Inaugural Southfield City Centre Ghost Walk: Part History, Part Spooky

Inaugural Southfield City Centre Ghost Walk: Part History, Part Spooky

Inaugural Southfield City Centre Ghost Walk: Part History, Part Spooky southfieldcc_3ik8d2

Chilly autumn air and a darkening sky set the stage for the inaugural Southfield City Centre Ghost Walk. On the evening of Tuesday, Oct. 22, an intimate crowd gathered to set off on the first of two scheduled six-stop historical walking tours to discover the hidden past of what is now a modern mini-urban walkable district.

With Thaddeus Gunter, original Michigan surveyor from 1815, as their guide, participants took a journey through pre-colonial Southfield, to the days of the active Underground Railroad, and the celebration of accomplished educator and early settler Mary Thompson on the historic farm she bequeathed to the City of Southfield.

Along the way, guests learned how Southfield was settled, discovered how the City Centre advanced from acres of farmland bisected by a Native American trail that led south to Detroit, how Fannie Richards worked to bring equity to education, and how the city earned its name. They also learned some of the City Centre’s spookier histories, from ghostly sightings near the cemetery of the original Covenanter Church of Southfield to ancient Native American cures for scurvy and rattlesnake poisoning, to eerie sightings of early Southfield City Centre residents who met their untimely ends.

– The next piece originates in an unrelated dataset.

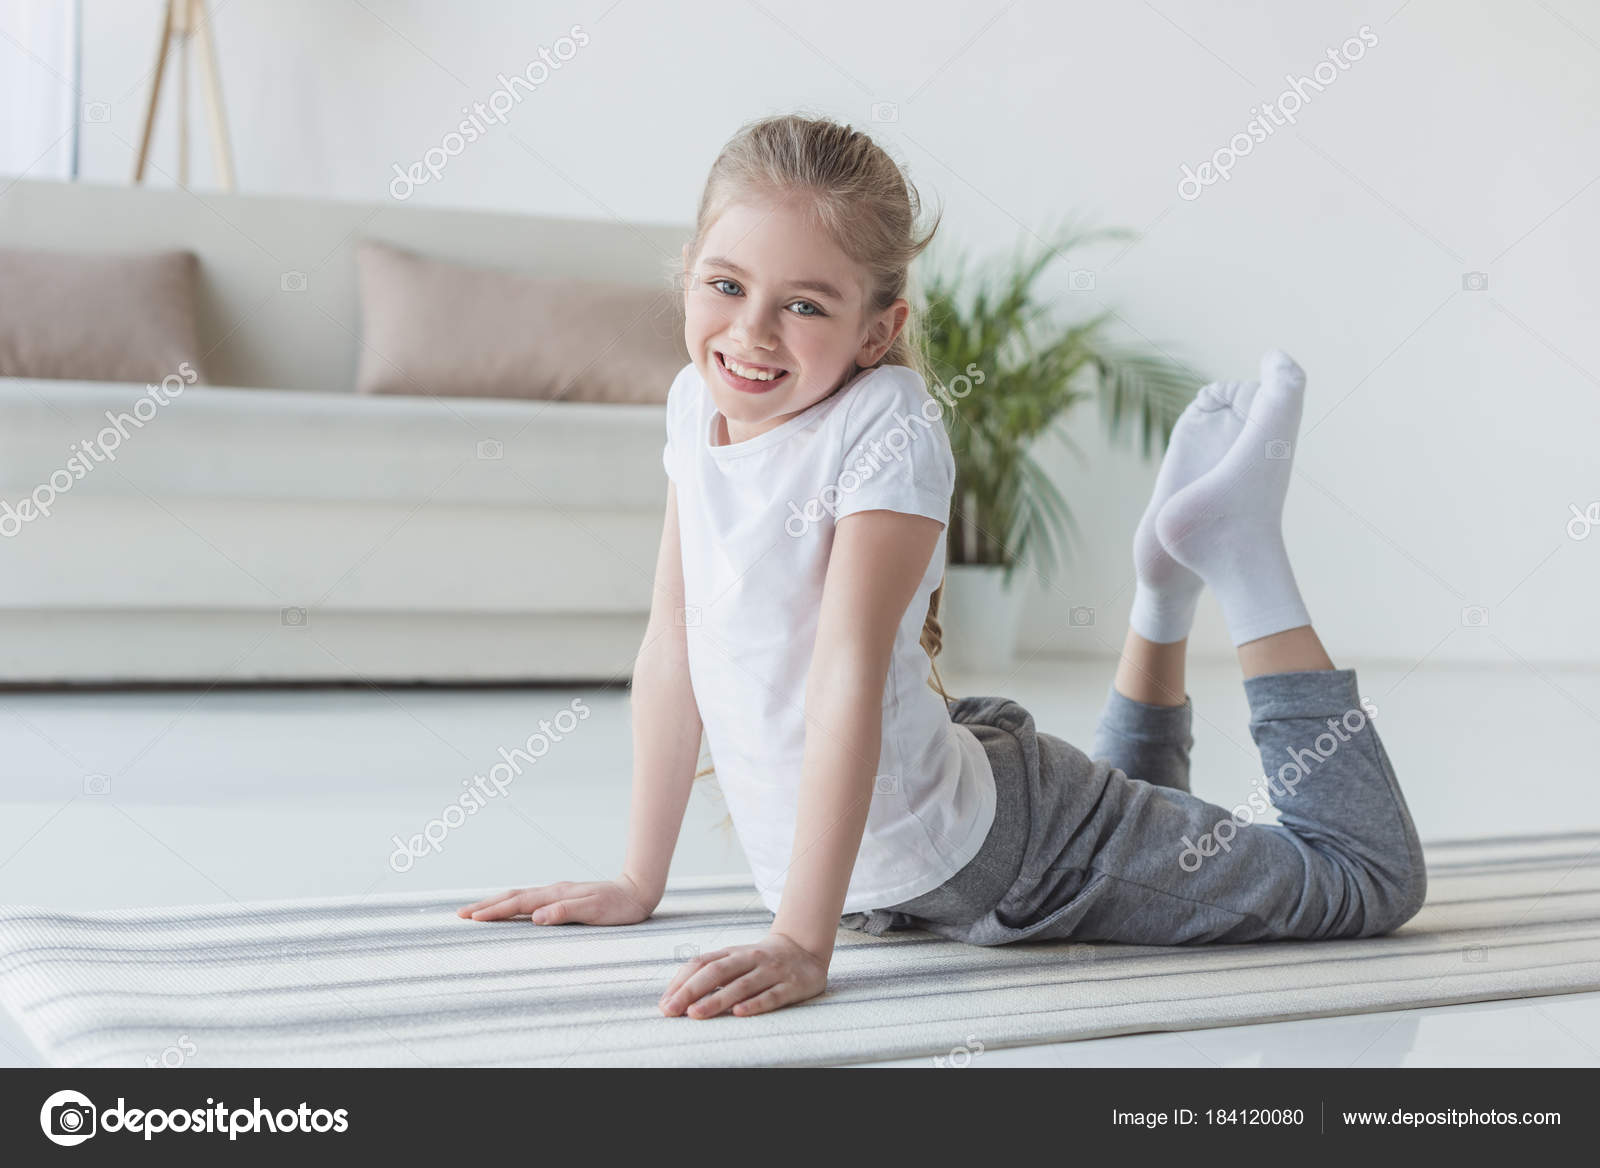 https://st3.depositphotos.com/12985790/18412/i/1600/depositphotos_184120080-stock-photo-happy-little-child-doing-backbend.jpg

At Mary Thompson’s Farm, participants enjoyed cider and doughnuts and shared their thoughts about the event.

“I really enjoyed the experience of discovering something new about Southfield,” said Andy Curriston. He and his wife Liz Curriston moved to Southfield recently from Michigan’s Upper Peninsula, and said they enjoy exploring the Southfield City Centre on foot, something they started doing when they attended the Kimmie Horne Jazz Festival in August. They said they particularly enjoyed the narrative tone of Thaddeus Gunter, and the spooky crypt keeper who appeared in the church cemetery.

“It was fascinating to learn the history of the community,” said Rita Lewry, who lives in Birmingham and participated in the later of the two ghost walks. “The stories came alive through the narrators at each stop.” Tom Lewry agreed. “I enjoyed the first-person perspective because it made it more immediate,” he said.

Kathy Kelley of Southfield said she liked each stop on the ghost walk equally. “I liked them all, and it was worth it for the history,” she said.

Each participant received a Southfield City Centre Trail Map and covered a three-quarter mile segment of the 7-mile shared-use path during the 75-minute ghost walk. The trail, which will see an expansion in the spring of 2020, is fast becoming a signature component of the City Centre, and guests learned just why one small portion of the path near Southfield Reformed Presbyterian Church remains narrower than the rest of the trail. The reason is enmeshed in a ghostly history of unmarked gravesites, and Heather Rockensuess of Southfield said she enjoyed piecing together the puzzle.

“I always wondered why the wide sidewalk suddenly narrowed,” she said. “I also like learning about the house fire and the history behind what was on that site where TGI Fridays is now.”

The event raised funds for the Southfield Historical Society and the Friends of the Southfield Public Arts, and was made possible by the volunteer efforts of a dedicated team from Southfield Department of Planning, Southfield Business and Economic Development, Southfield Public Arts Commission, Southfield Public Library, Southfield Parks & Rec, Southfield Area Chamber of Commerce, Southfield Public Schools, Lawrence Technological University, and many others.